A tutti coloro che soffrono di uno scompenso cardiaco cronico, la notizia non farà certo piacere: le statine, i farmaci anti-colesterolo più popolari, non fanno nulla. Nè un giovamento nè un danno: semplicemente, non hanno influenza su indici importanti quali il tasso di mortalità.
I derivati dell’olio e del pesce, invece, riescono ad incidere e, seppur in minima parte, a diminuirla. Questa la sentenza emessa dagli ultimi due studi recentemente pubblicati su “Lancet” dai cardiologi italiani del gruppo Gissi, che da anni studiano ogni possibile sfaccettatura delle principali malattie cardiovascolari e della loro prevenzione.
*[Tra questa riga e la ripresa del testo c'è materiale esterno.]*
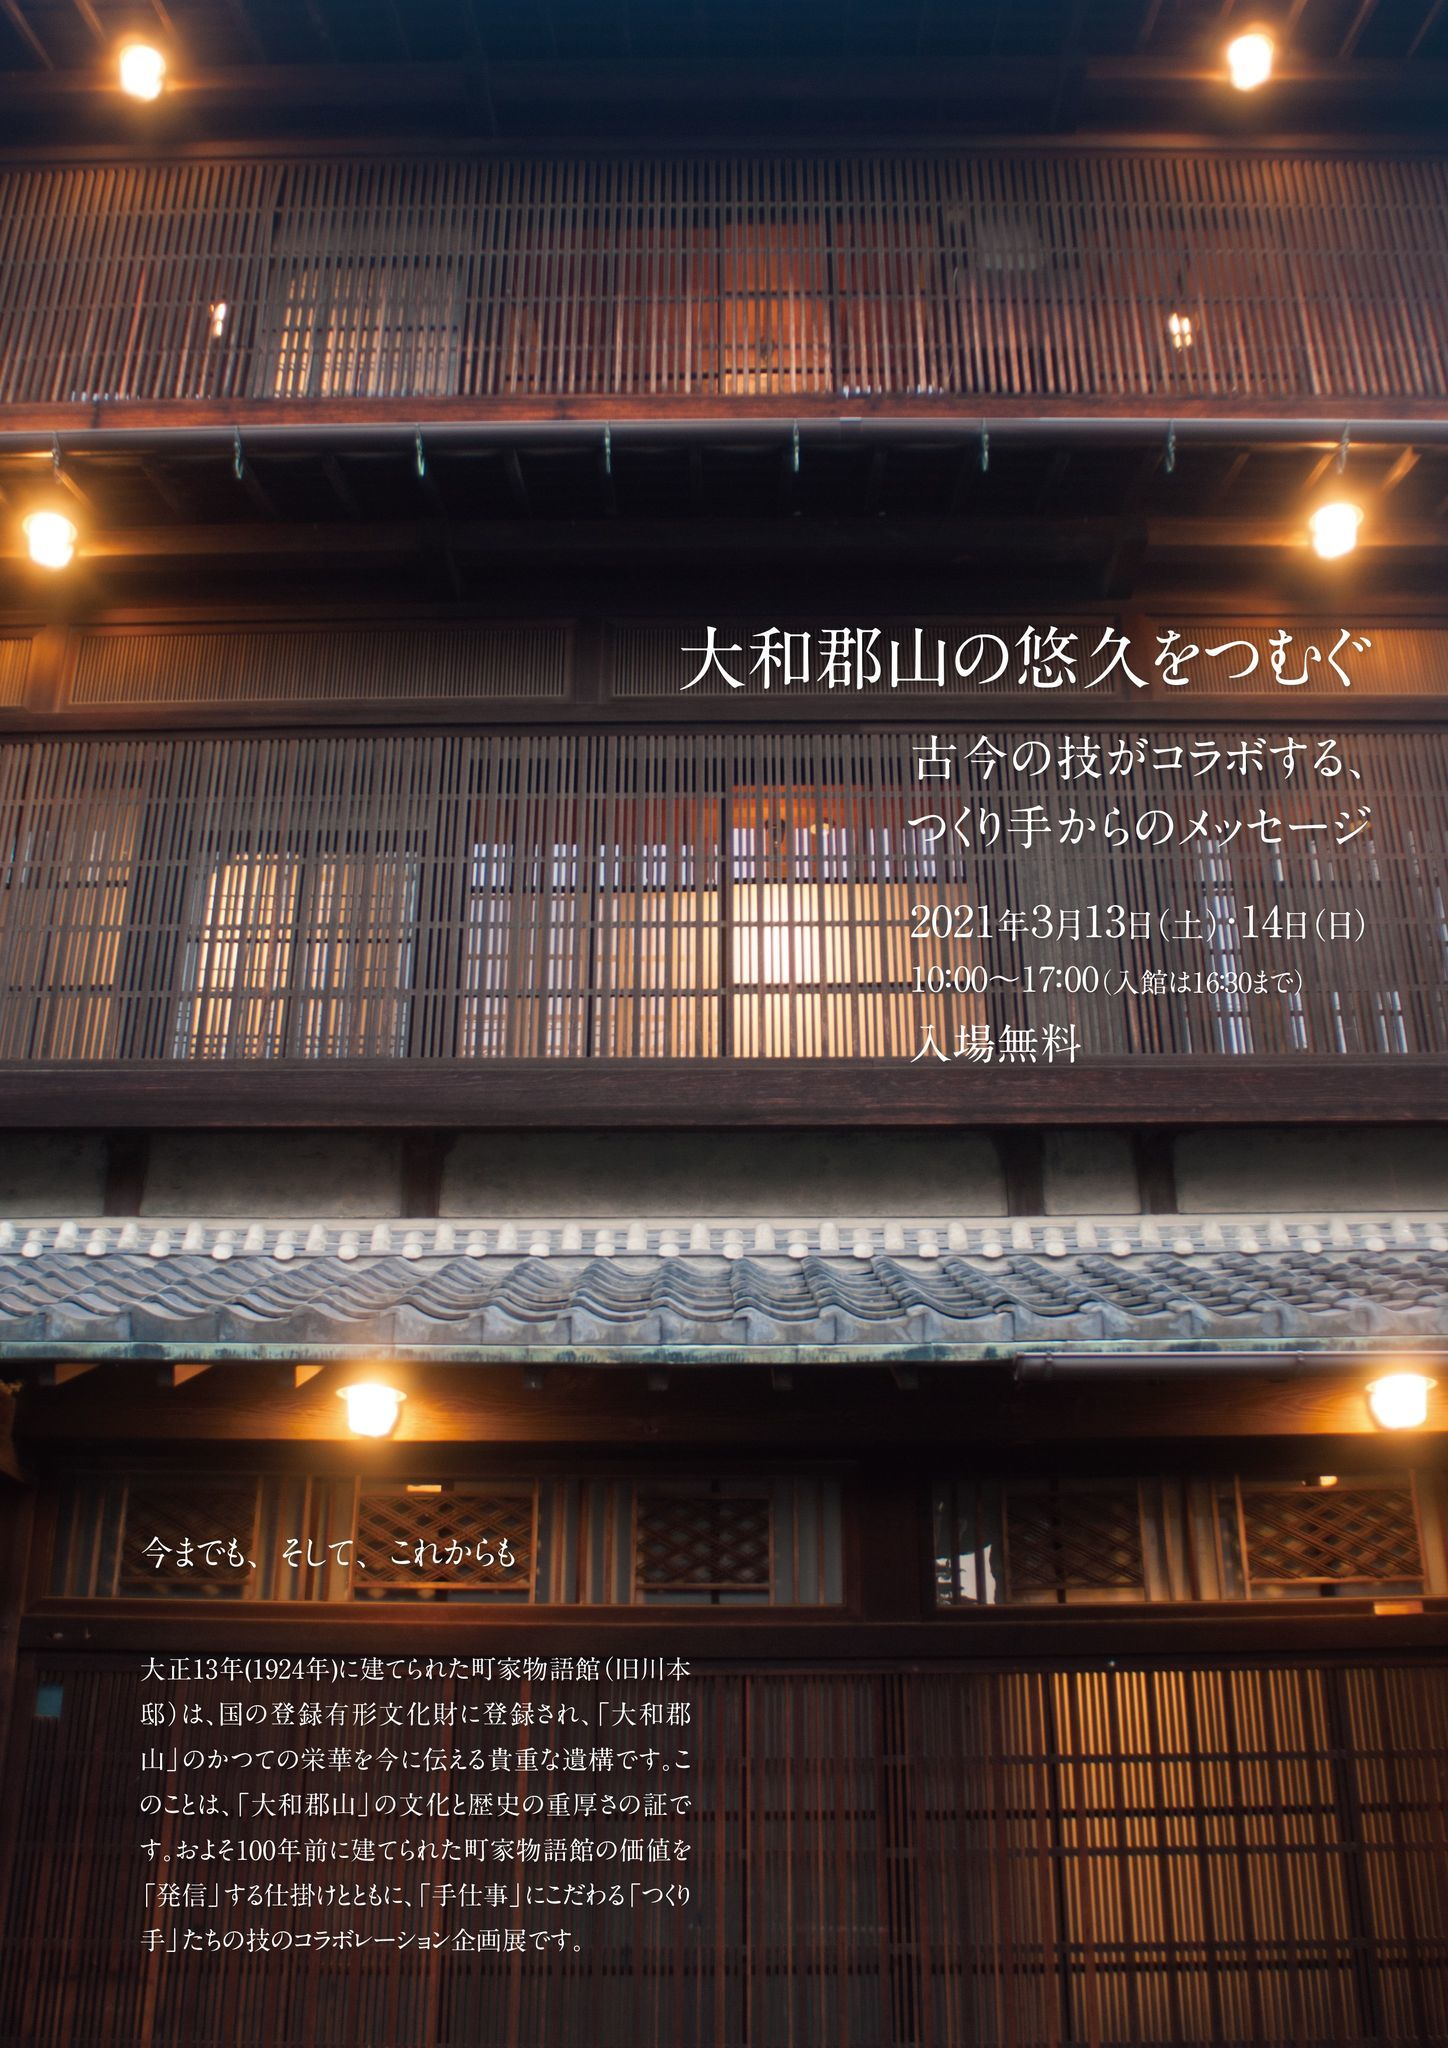 大和郡山の悠久をつむぐ_c0344243_14461839.jpg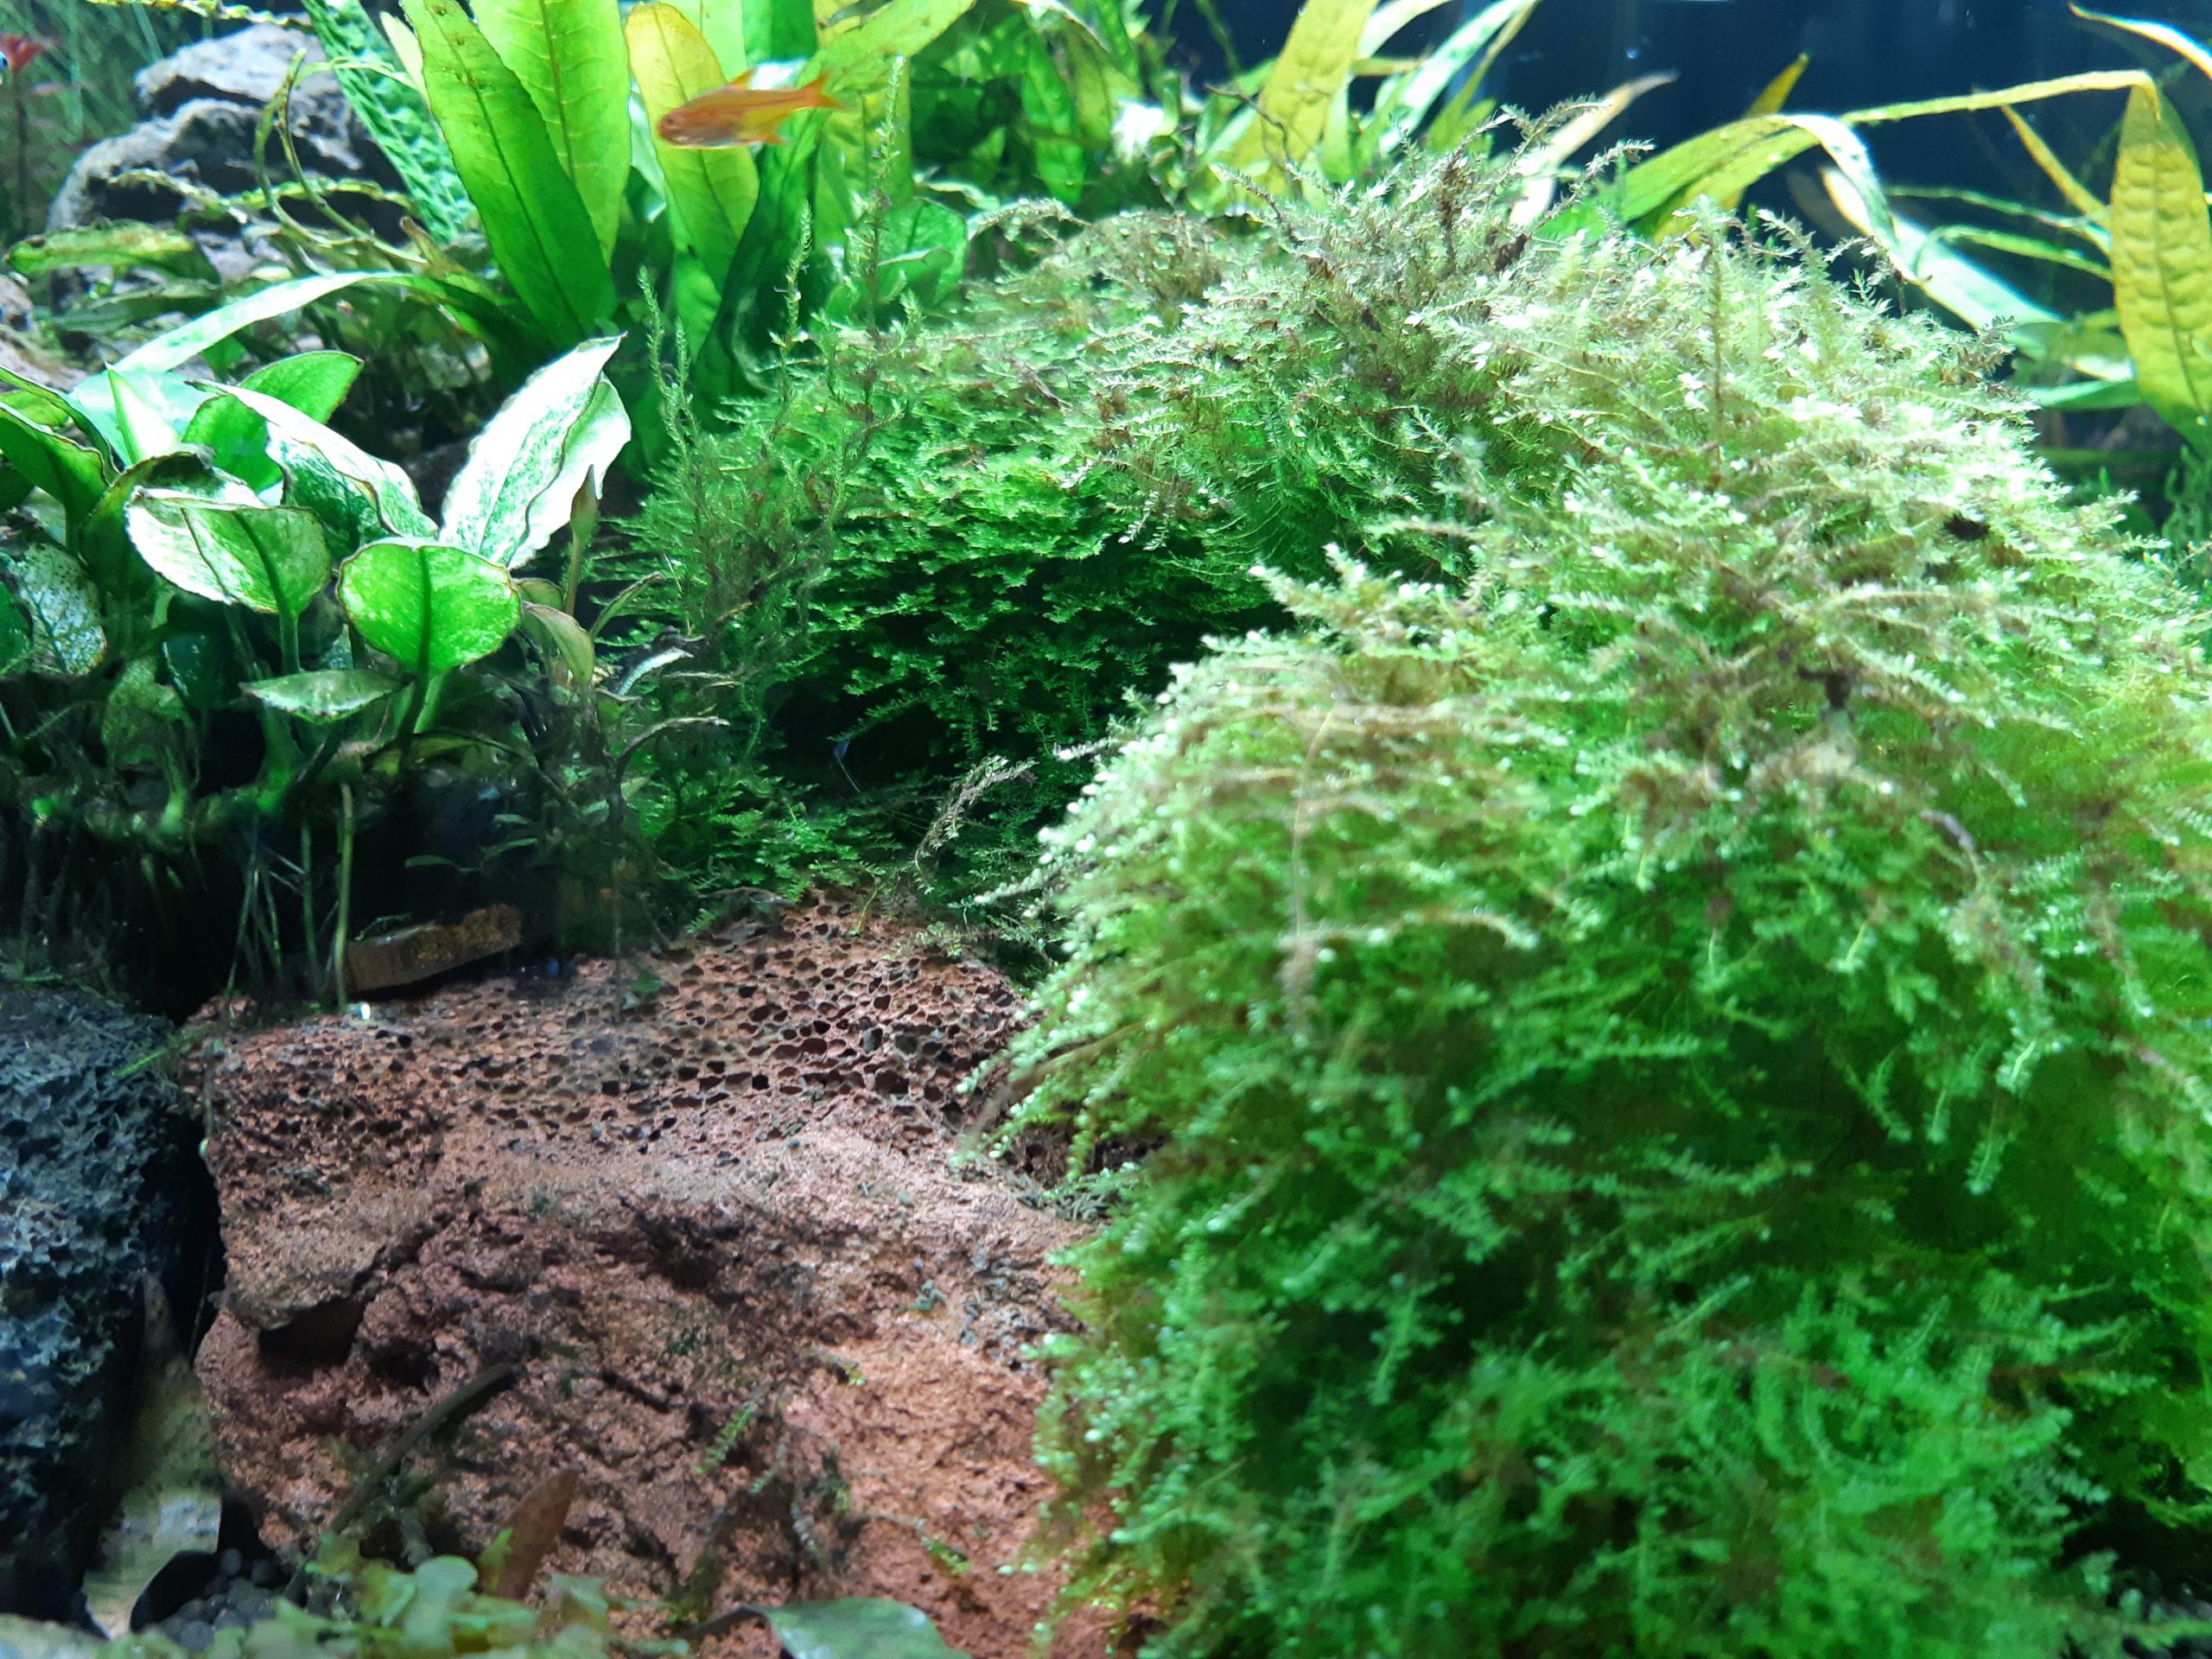 Aquariu wiht plants

Nel primo dei due studi oltre 4500 pazienti sono stati randomizzati a ricevere dieci milligrammi di rosuvastatina al giorno, oppure un placebo insieme alla terapia per lo scompenso; dopo quasi quattro anni non era emersa alcuna differenza tra i due gruppi nè sulla sopravvivenza nè sul numero di ricoveri per cause cardiovascolari, per ictus, infarti nè su quello di morti per arresto cardiaco.
Neppure era emerso alcun miglioramento clinico analizzando diversi sottogruppi di malati con caratteristiche simili. Nel secondo studio dei due, quasi 7 mila pazienti sono stati randomizzati a ricevere un grammo al giorno di acidi grassi polinsaturi (Pufa) o un placebo, oltre alla terapia per lo scompenso; alla fine i decessi in generale sono scesi dal 29% del gruppo di controllo al 27% di quello di trattamento e, in misura simile, sono diminuiti i ricoveri e i decessi attribuibili alle patologie cardiovascolari.
Sia le statine che i Pufa si sono confermati sicuri, ma la cosa in sè non pare essere sufficiente. Secondo gli studiosi autori della ricerca, infatti, i risultati ottenuti lasciano parecchi dubbi e pongono interrogativi importanti circa l’impiego delle statine in coloro che accusano sofferenze di scompenso.